WORK REQUEST: Copy out the listing that follows exactly, dropping every picture.

AVAILABLE DATA:
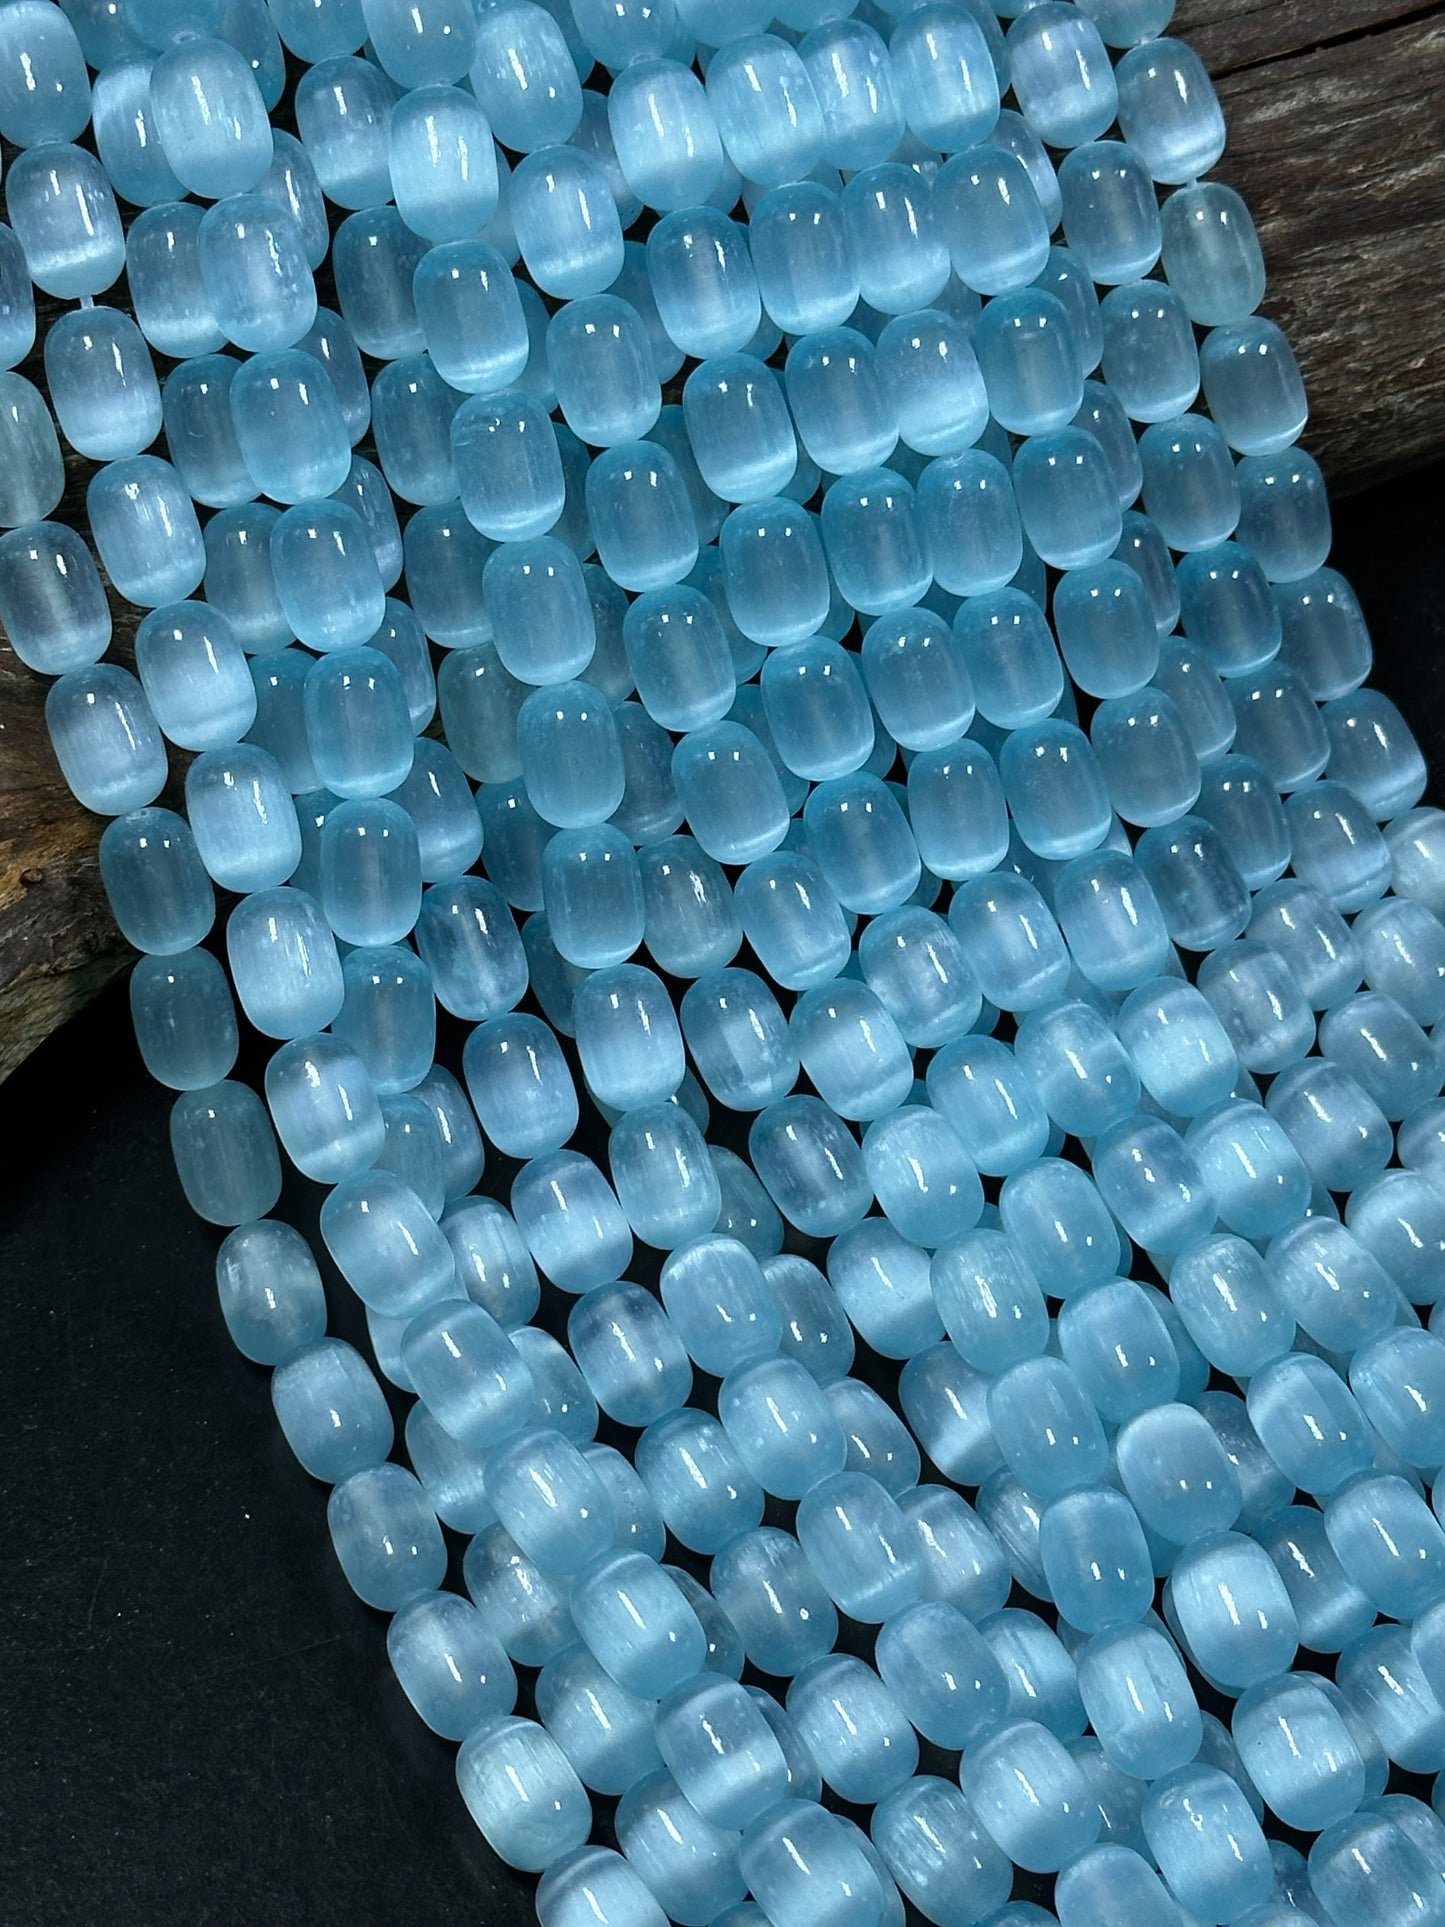 Natural Blue Selenite Gemstone Bead 12x8mm Tube Shape Bead, Beautiful Turquoise Blue Color Selenite Beads, Great Quality Full Strand 15.5"
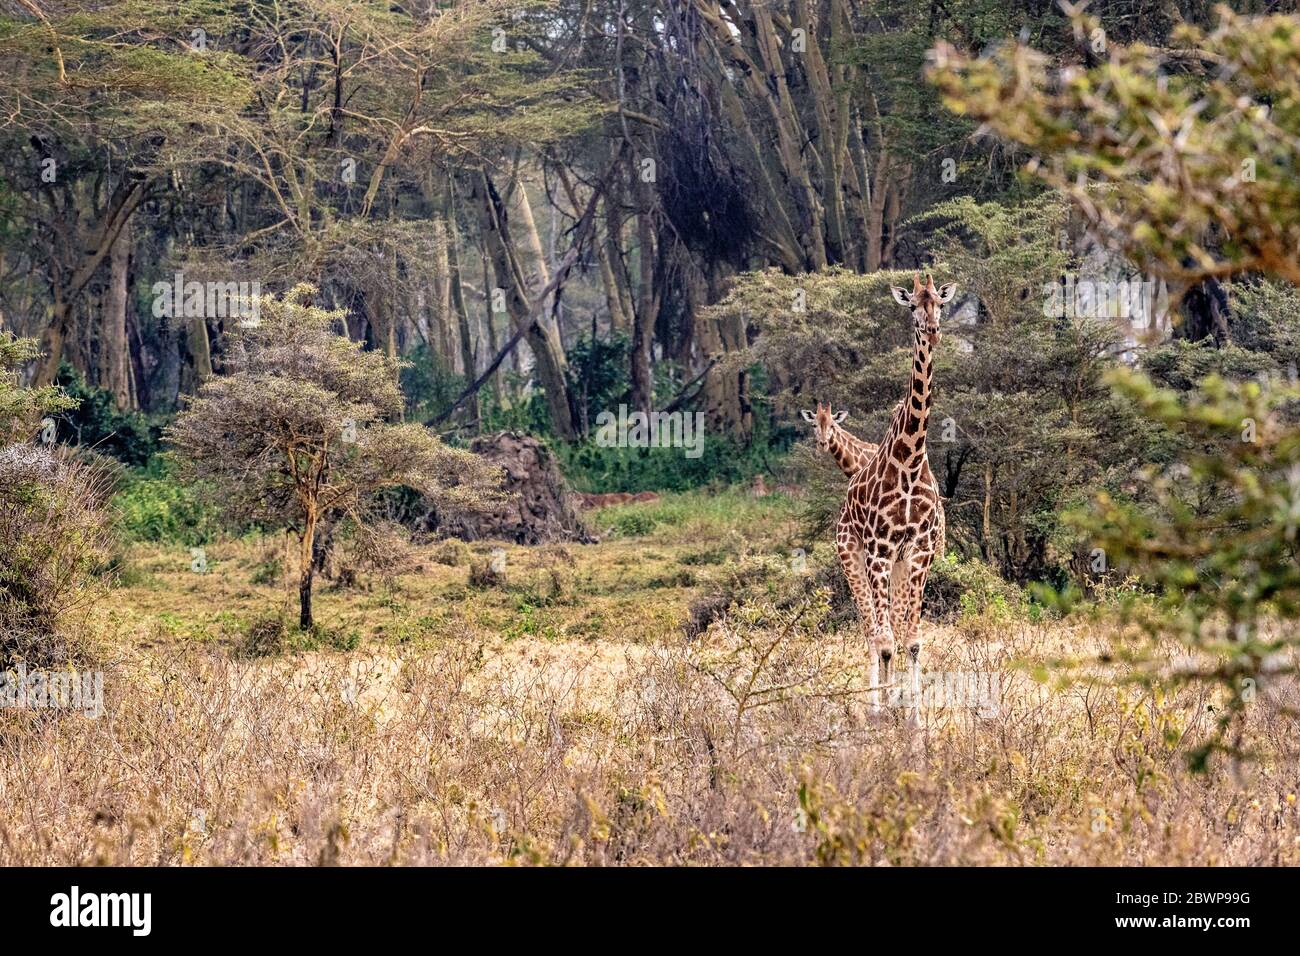 Endangered Rothschild's giraffe walking  in Lake Nakuru, Kenya Africa Stock Photo
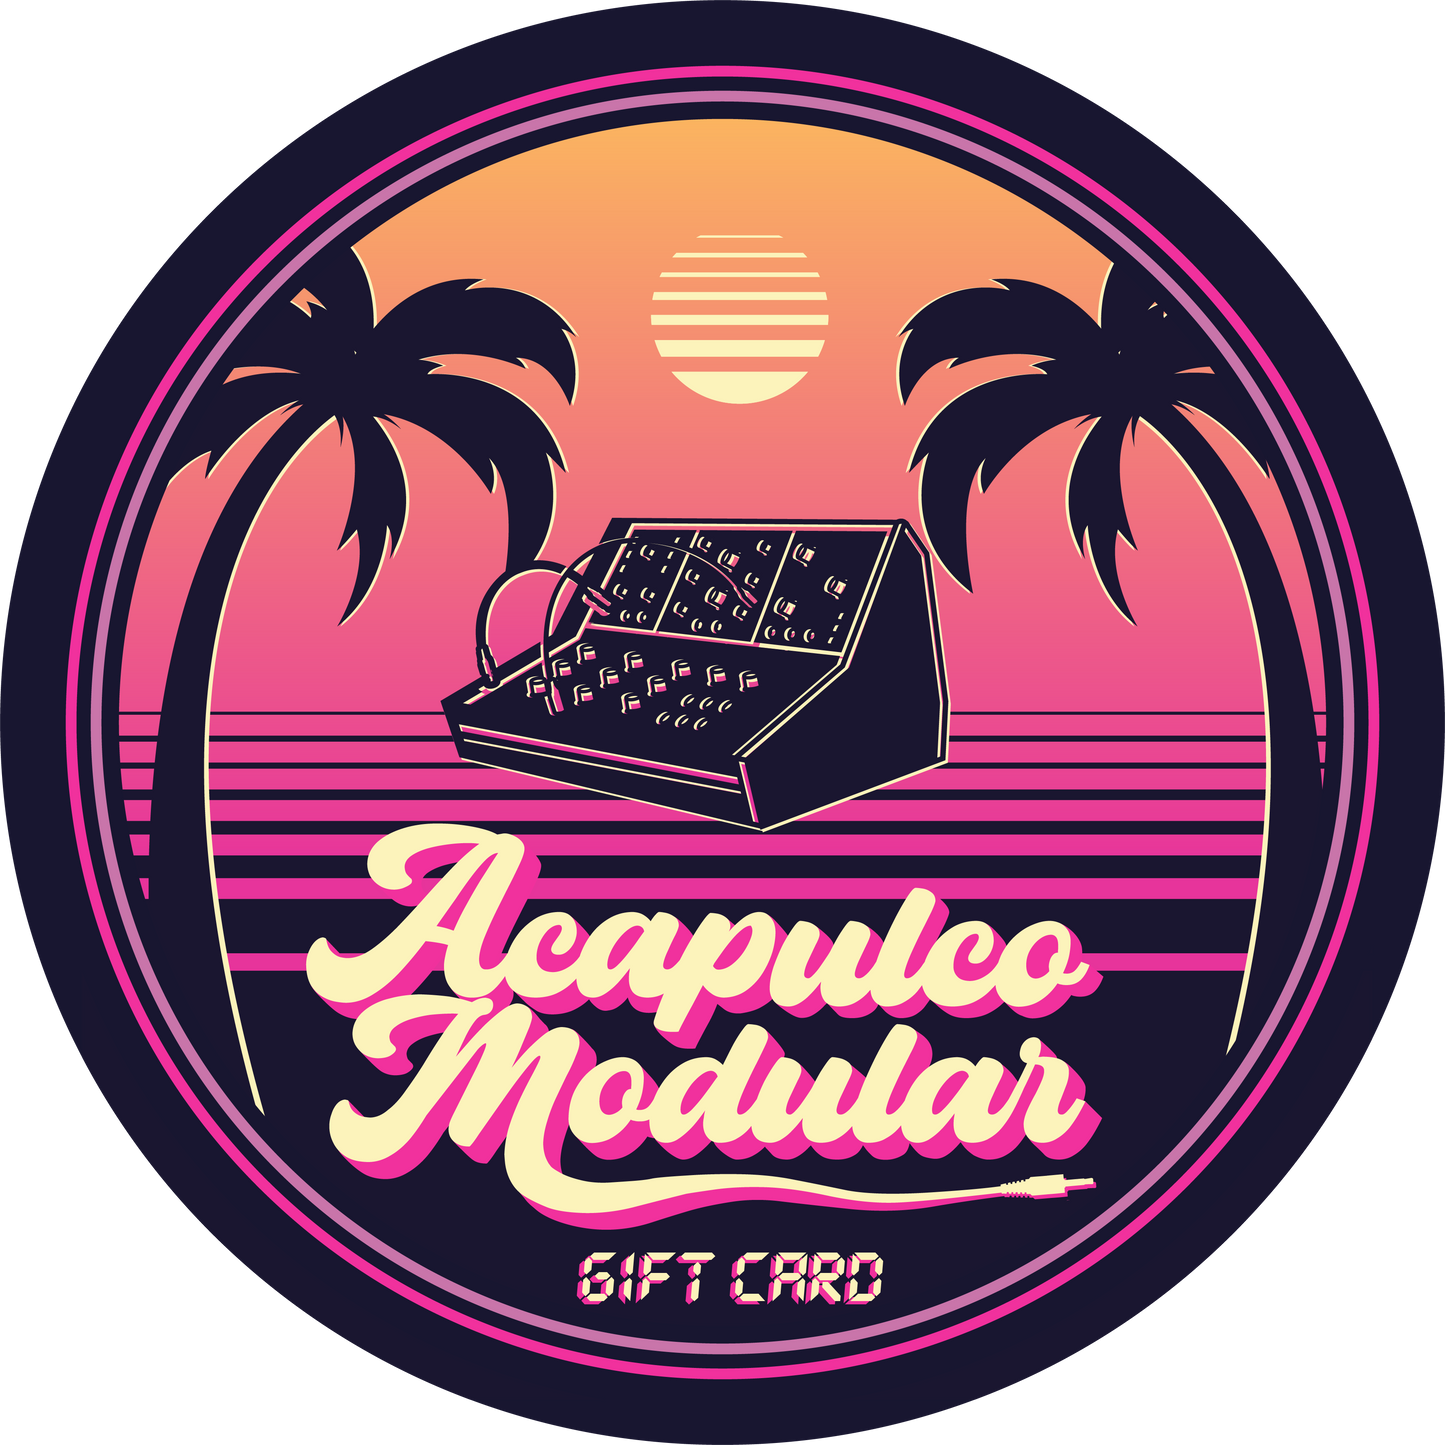 Acapulco Modular Gift Card

EXERCISE ANSWER:
 Natural Blue Selenite Gemstone Bead 12x8mm Tube Shape Bead, Beautiful Turquoise Blue Color Selenite Beads, Great Quality Full Strand 15.5"
 Endangered Rothschild's giraffe walking  in Lake Nakuru, Kenya Africa Stock Photo
 Acapulco Modular Gift Card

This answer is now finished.